Fator que tem levantado grandes discussões em todo o evento é a relação entre o público e privado por meio de ações de responsabilidade sócio-ambiental e a política de incentivo fiscal, além da isenção de impostos. Na maior parte dos locais impactados, as corporações como a Vale, Petrobras e TKCSA cumprem funções que deveriam ser o papel do Estado como construção de escolas, hospitais, cursos profissionalizantes, entre outras. “No discurso da TKCSA eles falam que geraram 3 mil empregos e 2 mil vagas em escolas. E os 8 mil pescadores que estão sem trabalhar não entram na conta?”, indagou Jacir.

O pesquisador Marcelo Firpo lembrou ainda o processo de fragmentação dos licenciamentos que acarreta no aceleramento dos processos. ” Estamos convivendo com uma máquina terrível de aceleração de licenciamento ambiental e colocando em jogo a qualidade técnica e integridade moral dos servidores técnicos”, levantou.

Cultura popular e pesquisa científica

Alexandre Pessoa, professor e pesquisador da EPSJV/ Fiocruz, defendeu que o conhecimento dos trabalhadores tem que entrar nas universidades e nas pesquisas para que haja uma união do conhecimento popular com o científico. Marcelo Firmo defendeu ainda que a pesquisa dever ser parcial. “A relação da ciência não pode ser esta forma fria porque senão ela perde sua alma”, suplicou.

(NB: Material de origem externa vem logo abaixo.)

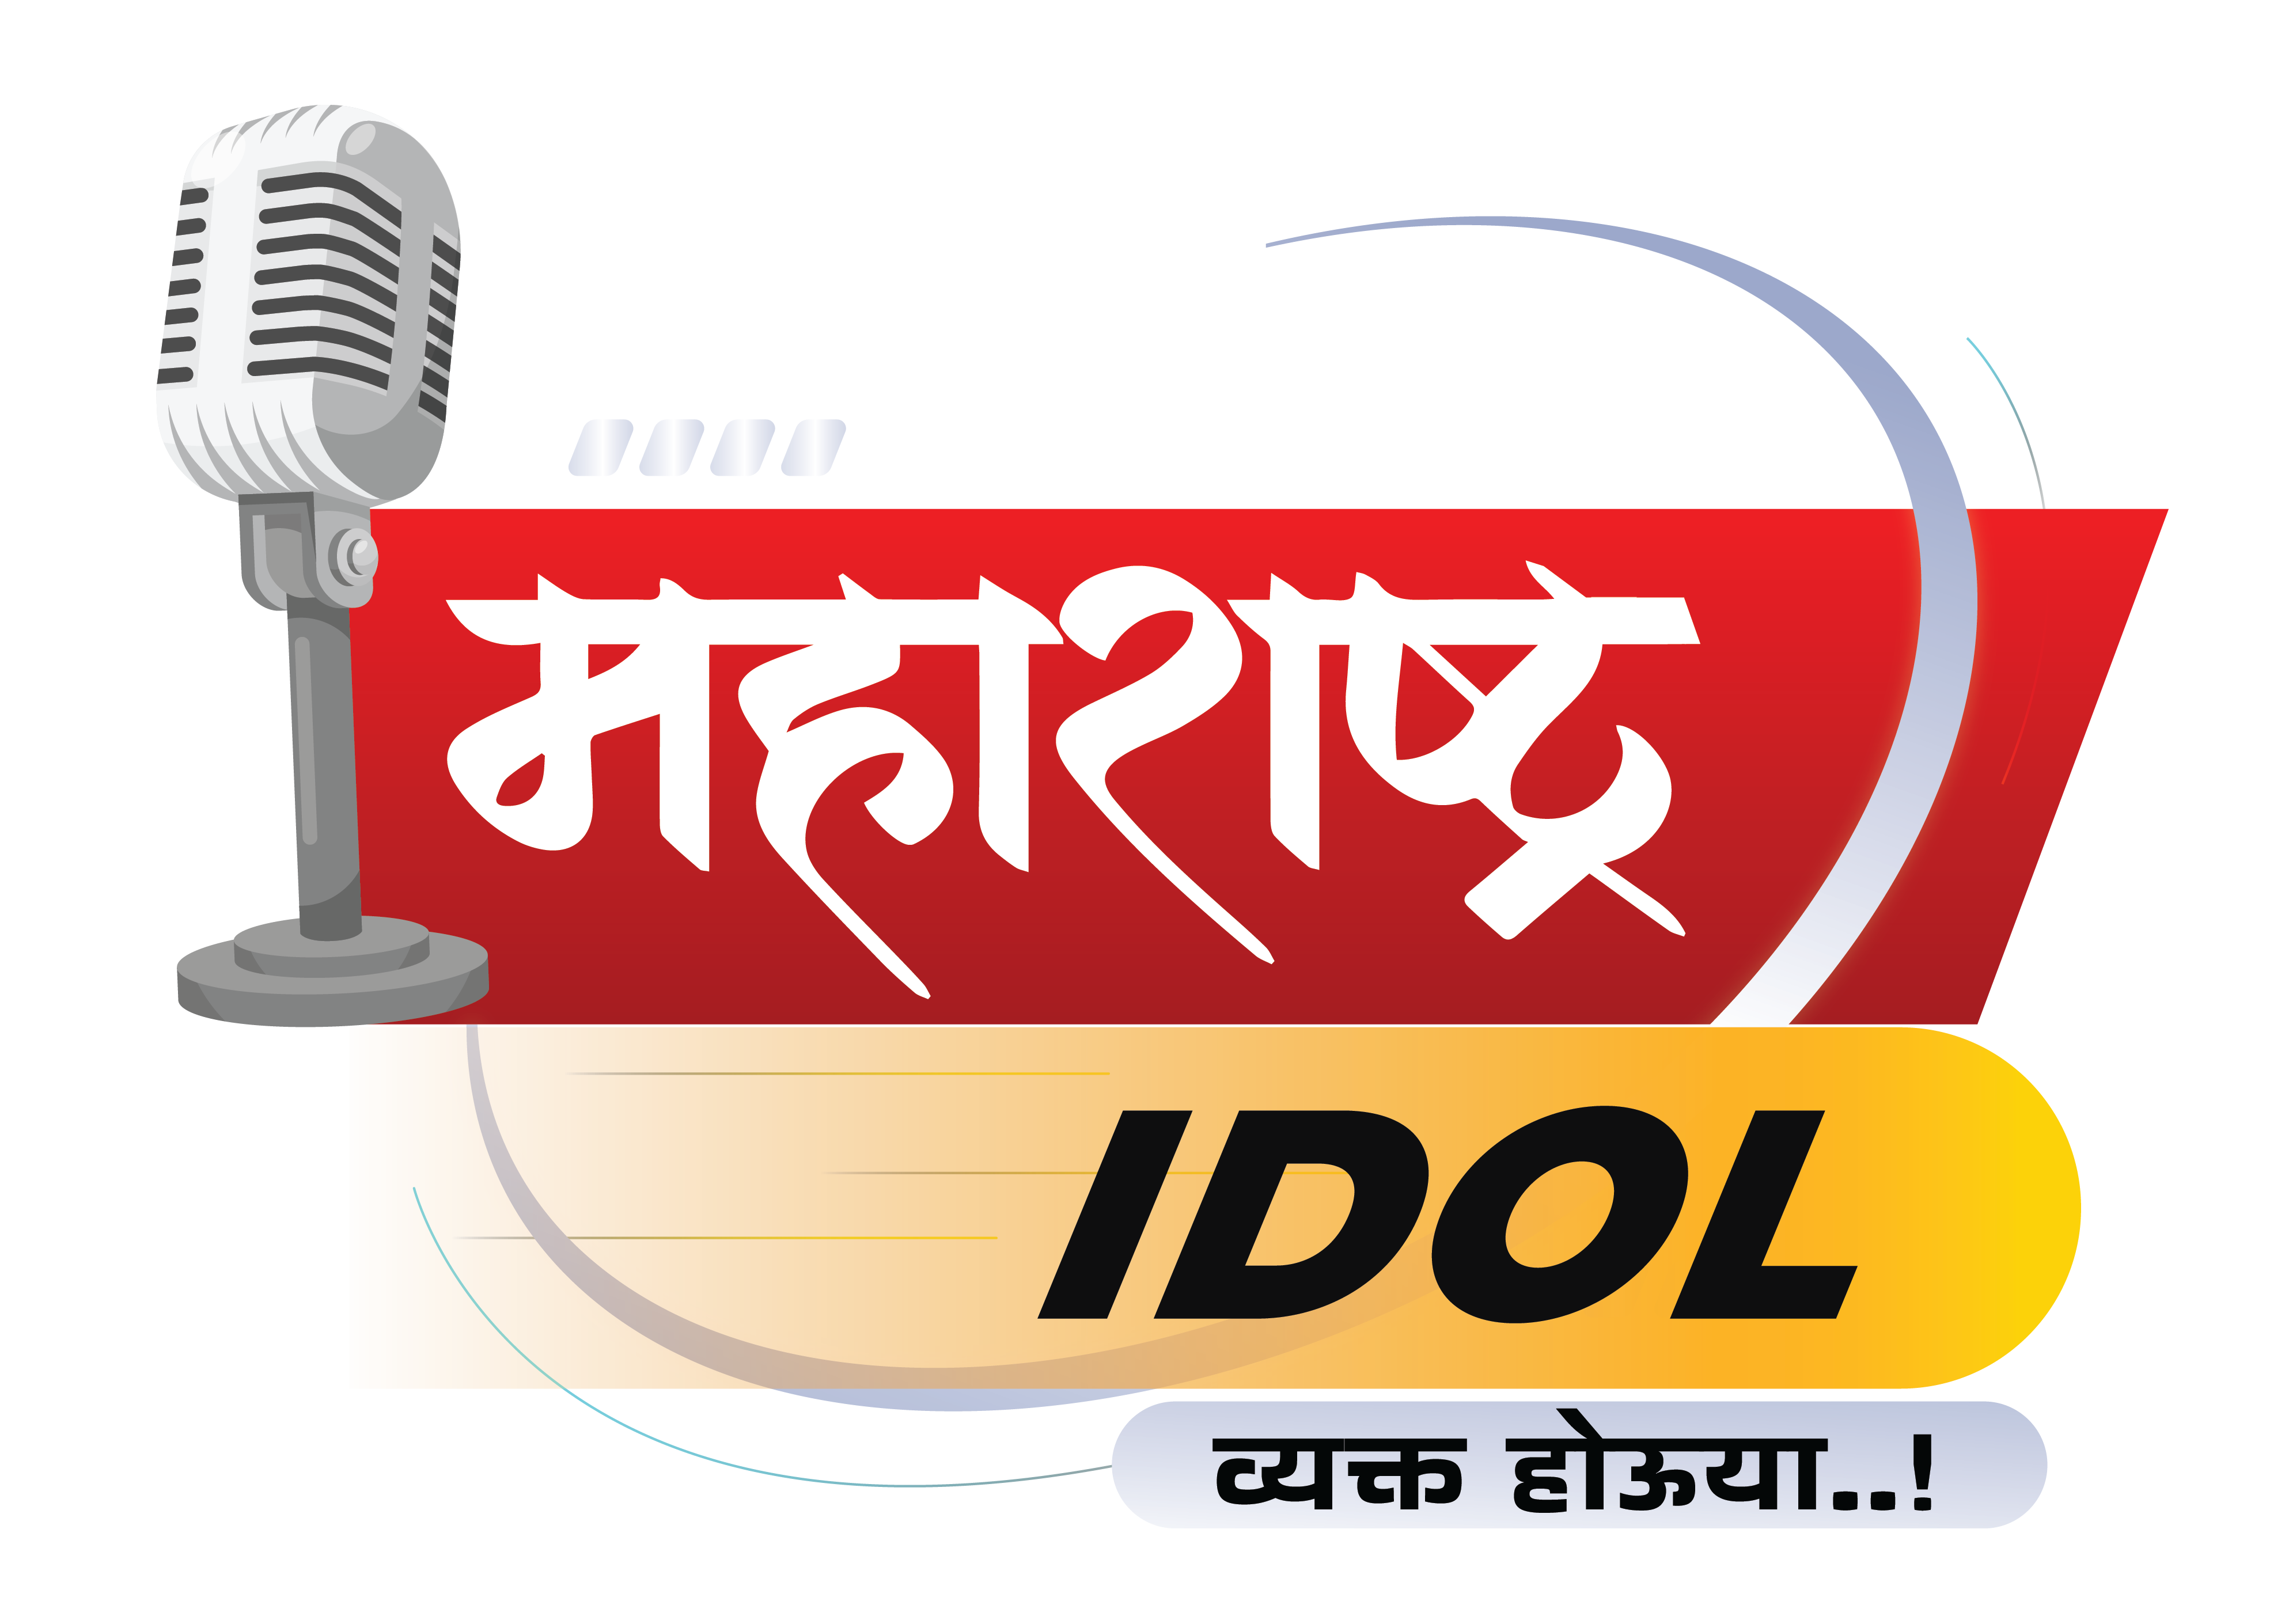 Maharashtra Idol

O presidente da Fiocurz, que estava presente na atividade, ressaltou que reconheceu o evento como um chamado para a academia estar sempre presente nesta discussões. “Queremos e devemos deixar que a produção acadêmica seja feita com liberdade e hoje estamos buscando formas legais para dar o suporte devido aos nossos pesquisadores”, afirmou.

Marcha Anti-Corporações

Fora TKCSA! A Vida não se vende, a vida se defende! Estes e muitos outros gritos ecoaram na marcha anti corporações que reuniu 5 mil pessoas de diversos movimentos como Via Campesina, Marcha Mundial das Mulheres, entre outros, no dia 19 de junho. Os manifestantes saíram do Aterro do Flamengo em direção à sede da Vale no Centro do Rio de Janeiro. No local, os participantes projetaram imagens no prédio da companhia, relembraram o título de pior empresa do mundo concedido à Vale no início deste ano pelo Public Eye e, por fim, jogaram ovos e tinta vermelha como forma de protesto no prédio da empresa. Outras duas marchas aconteceram no dia 20 de junho. Na parte da manhã a da Vila do Autódromo em protesto às remoções no local por conta dos mega eventos e, na parte da tarde, a Marcha Global dos Povos Contra a Mercantilização da Vida e em Defesa dos Bens Comuns no Centro do Rio de Janeiro.